The results of this study align with findings from healthy individuals in that individuals in the Maintenance stage had greater daily stepping activity compared to those in earlier stages.22 In other words, individuals with stroke who self-reported being currently active and having done so for greater than 6 months were indeed taking more steps per day measured objectively compared to those in the Contemplation and Preparation stages. Interestingly, however, those in the Contemplation and Preparation stages appeared similar in their stepping activity (Table 2). Since our measure of readiness to change was specific to the construct of physical activity, we expected to see increases in daily stepping activity with stage progression. Previous evidence suggests, however, that discrepancies may exist between self-reported and objectively-measured activity levels in adults49 and individuals with stroke,50 and this may be one possible reason for this finding. Specifically, the data in Table 2 suggests that individuals in the Preparation stage who reported being active sometimes but not regularly, were often not achieving daily step counts that met the definition of regular activity that was provided to them. In parallel, as we defined regular physical activity as 3 or more days/week of at least 8,000 steps/day, not all participants who identified with being in the Maintenance stage met this criterion (Table 2). These results support the notion that self-reported and objectively measured levels of physical activity do not always agree in individuals with stroke. This could have occurred because participants may have had difficulty with accurately estimating their daily stepping activity. Although we did ask the participants if they had ever used a device to track their daily stepping and provided examples of how steps can be accumulated throughout the day, some participants may have not been able to accurately estimate their daily activity. In addition, other factors such as fatigue33 and energy cost of walking51 may affect activity levels in individuals with stroke and were not measured in this study. Thus, we cannot rule out the possibility that these unmeasured confounders may have affected our results. Nonetheless, individuals in the Maintenance stage who reported being active for a longer period of time did indeed take greater steps per day on average compared to individuals in earlier stages.

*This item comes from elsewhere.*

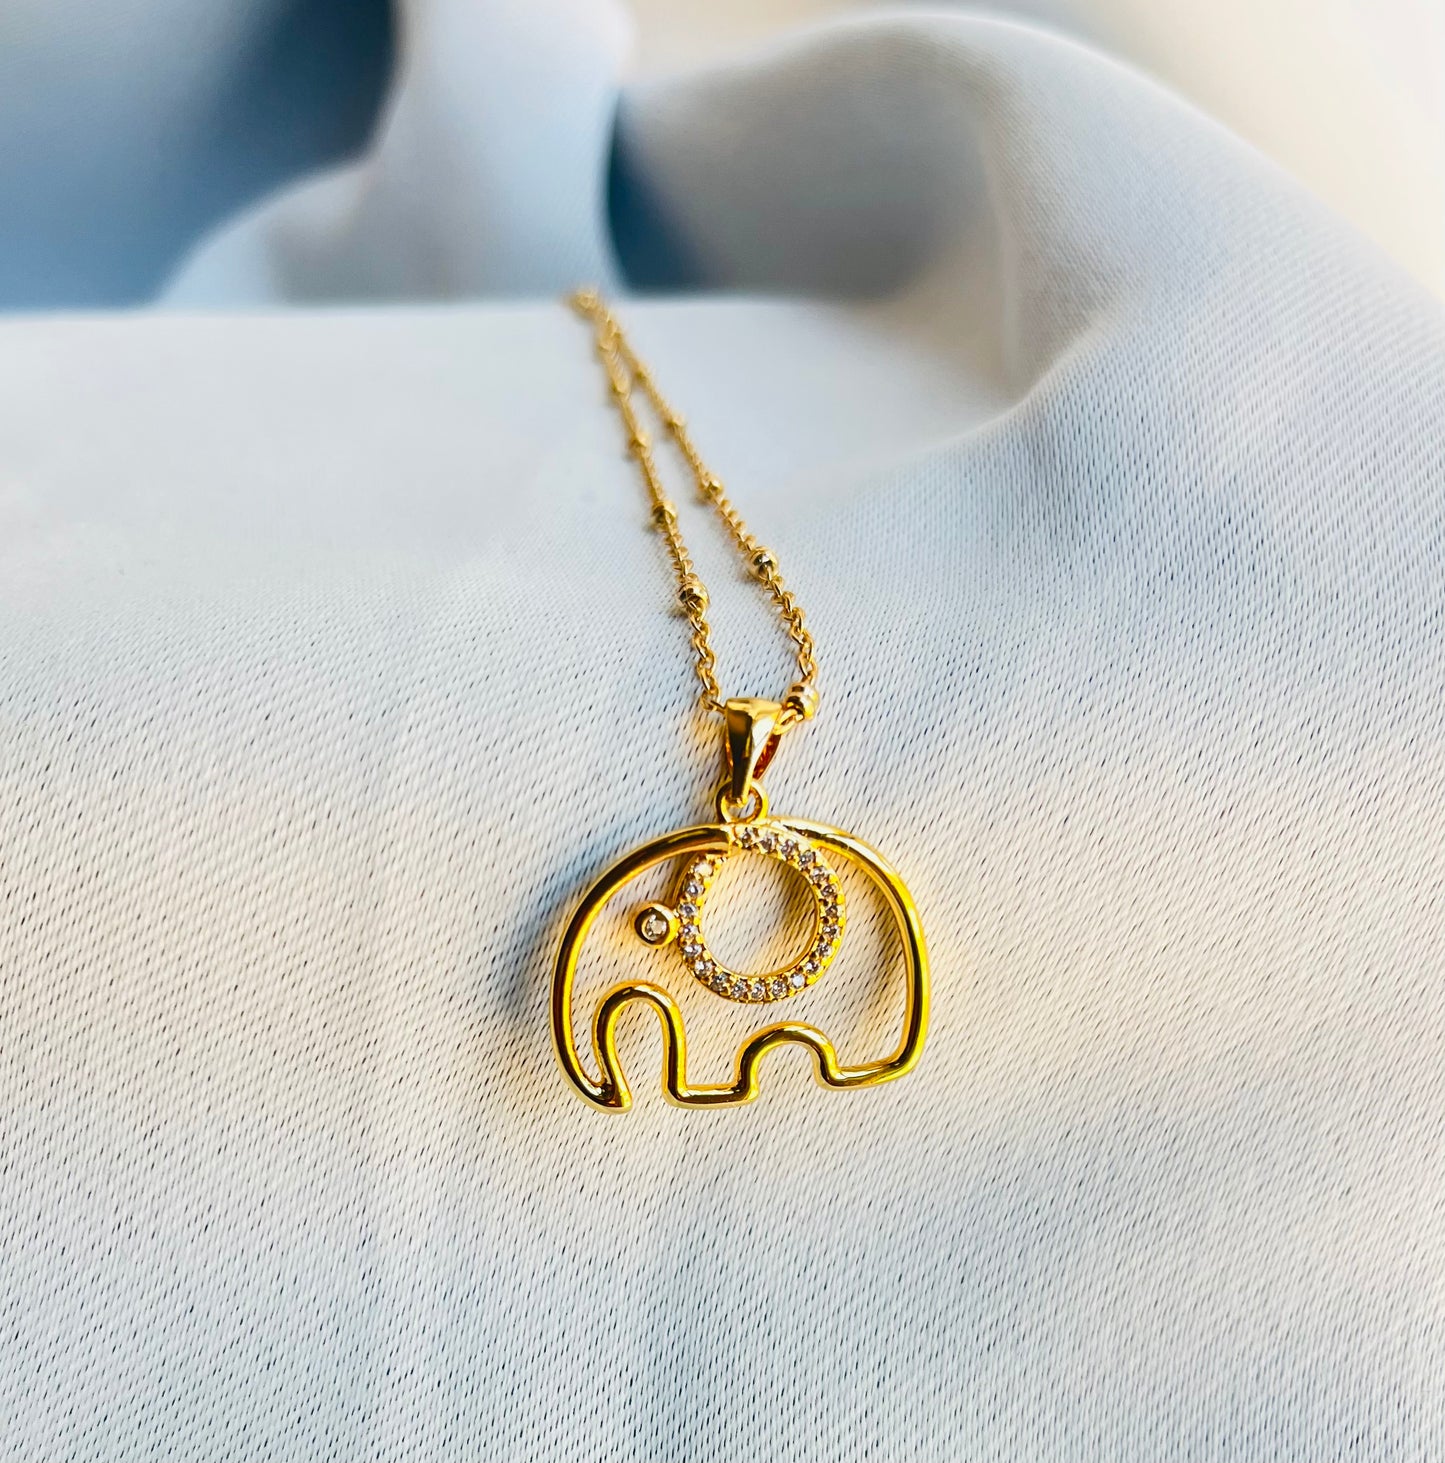 The Original Elephant Necklace

We found a negative relationship between readiness to change and depressive symptoms implying that as readiness levels progress, depressive symptoms may reduce. However, as data for this study were collected at a single point in time, we cannot infer the causal direction between these variables, and it could be that having lower levels of depressive symptoms facilitates advancement along the stages of change. The negative relationship observed between readiness to change and depressive symptoms is also in line with previous work demonstrating that depressive symptoms can negatively impact participation in stroke survivors.31,32,52,53 Thus, clinicians treating individuals post stroke may consider referral to other health care providers if the presence of depressive symptoms is interfering with readiness to change activity behavior.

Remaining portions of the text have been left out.